Personal information
- Full name: Brian Laity
- Born: 20 October 1935 Penzance, Cornwall, England
- Died: 22 March 2007 (aged 71) Truro, Cornwall, England
- Batting: Right-handed
- Bowling: Right-arm off break
- Relations: Danny Hall (brother-in-law)

Domestic team information
- 1958–1977: Cornwall

Career statistics
| Competition | LA |
| Matches | 3 |
| Runs scored | 81 |
| Batting average | 27.00 |
| 100s/50s | –/1 |
| Top score | 66 |
| Balls bowled | – |
| Wickets | – |
| Bowling average | – |
| 5 wickets in innings | – |
| 10 wickets in match | – |
| Best bowling | – |
| Catches/stumpings | –/– |
- Source: Cricinfo, 19 October 2010

= Brian Laity =

English cricketer

Brian Laity (20 October 1935 – 22 March 2007) was an English cricketer. Laity was a right-handed batsman who bowled right-arm off break. He was born in Penzance, Cornwall.

Laity made his Minor Counties Championship debut for Cornwall in 1958 against Devon.

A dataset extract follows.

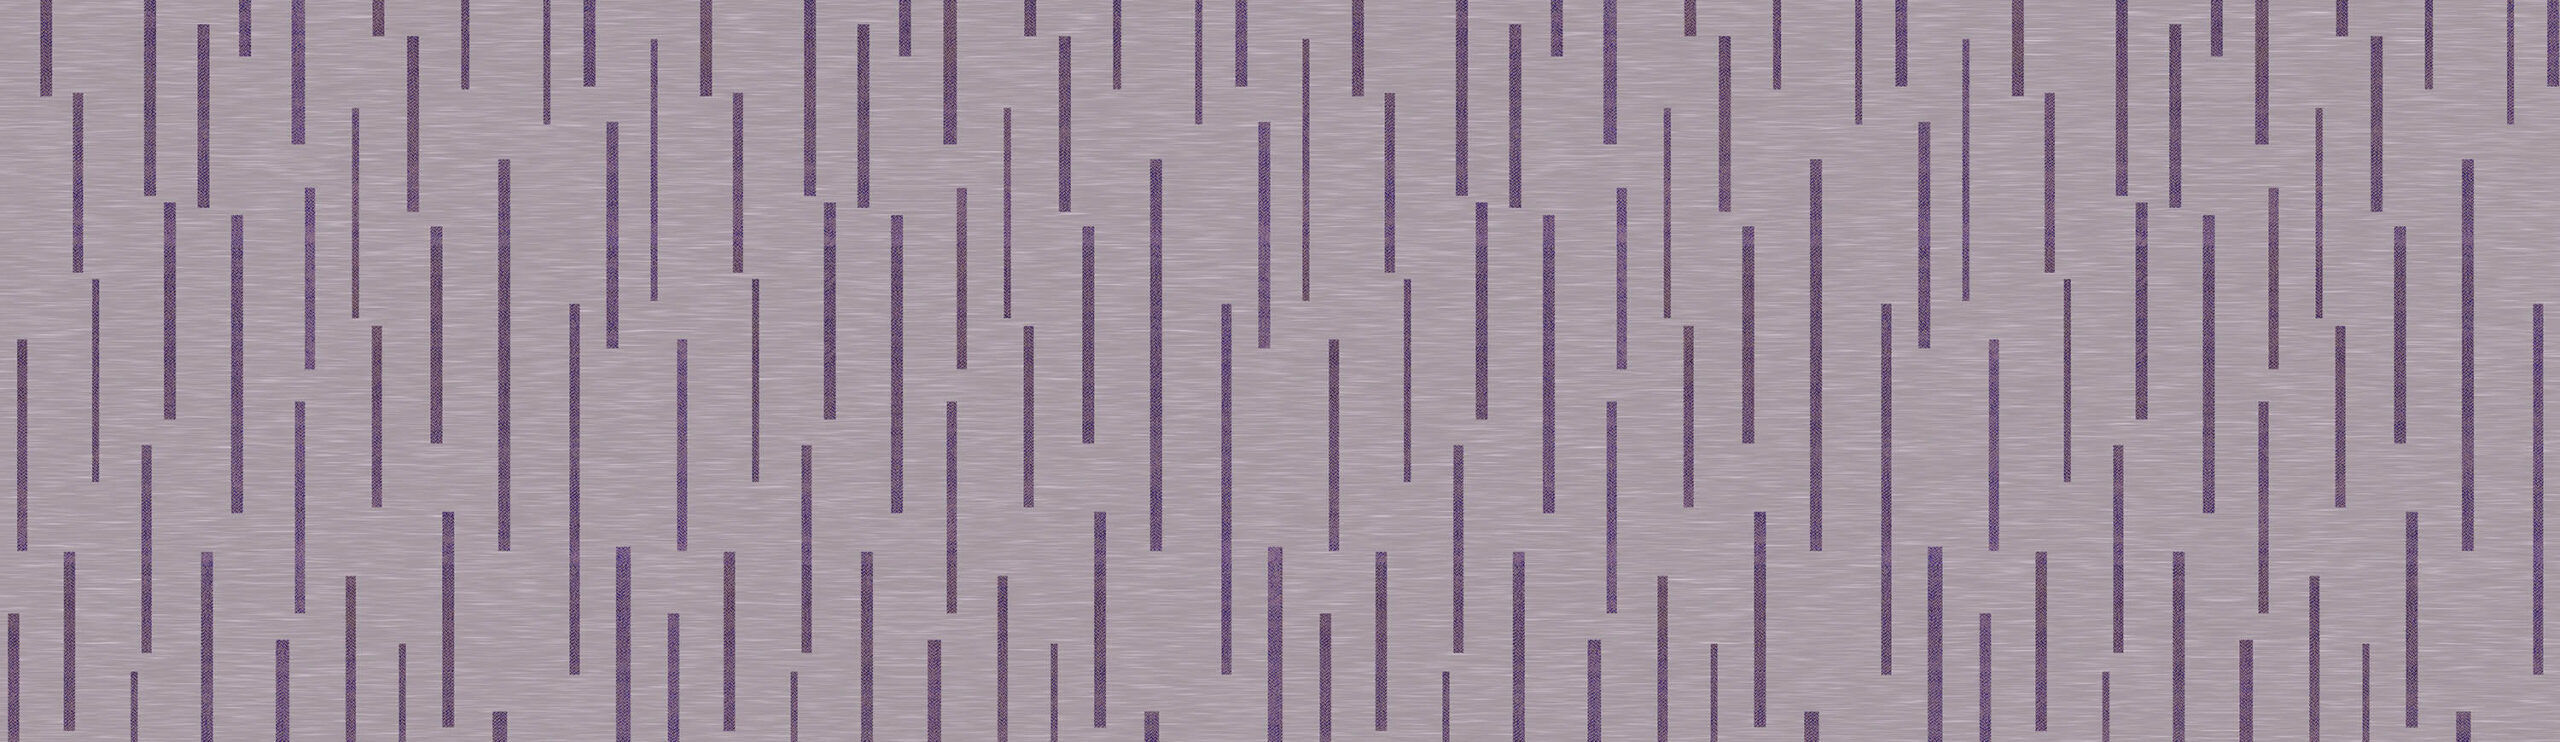 Decorative Lined Texture Border Wallpaper

From 1958 to 1977, he represented the county in 54 Minor Counties Championship matches, the last of which came against Dorset.

Laity also represented Cornwall in 3 List A matches. These against Glamorgan in the 1970 Gillette Cup, Oxfordshire in the 1975 Gillette Cup and Lancashire in the 1977 Gillette Cup. In his 3 List A matches, he scored 81 runs at a batting average of 27.00, with a single half century high score of 66. Laity was a fine driver and powerful hooker of the ball, making 20 centuries in league cricket and scoring more than 3,400 runs for Cornwall.

Laity died at Treliske Hospital in Truro, Cornwall on 22 March 2007.

==Family==
His brother-in-law, Danny Hall played Minor Counties and List A cricket for Berkshire, as well as Minor Counties cricket for Cornwall.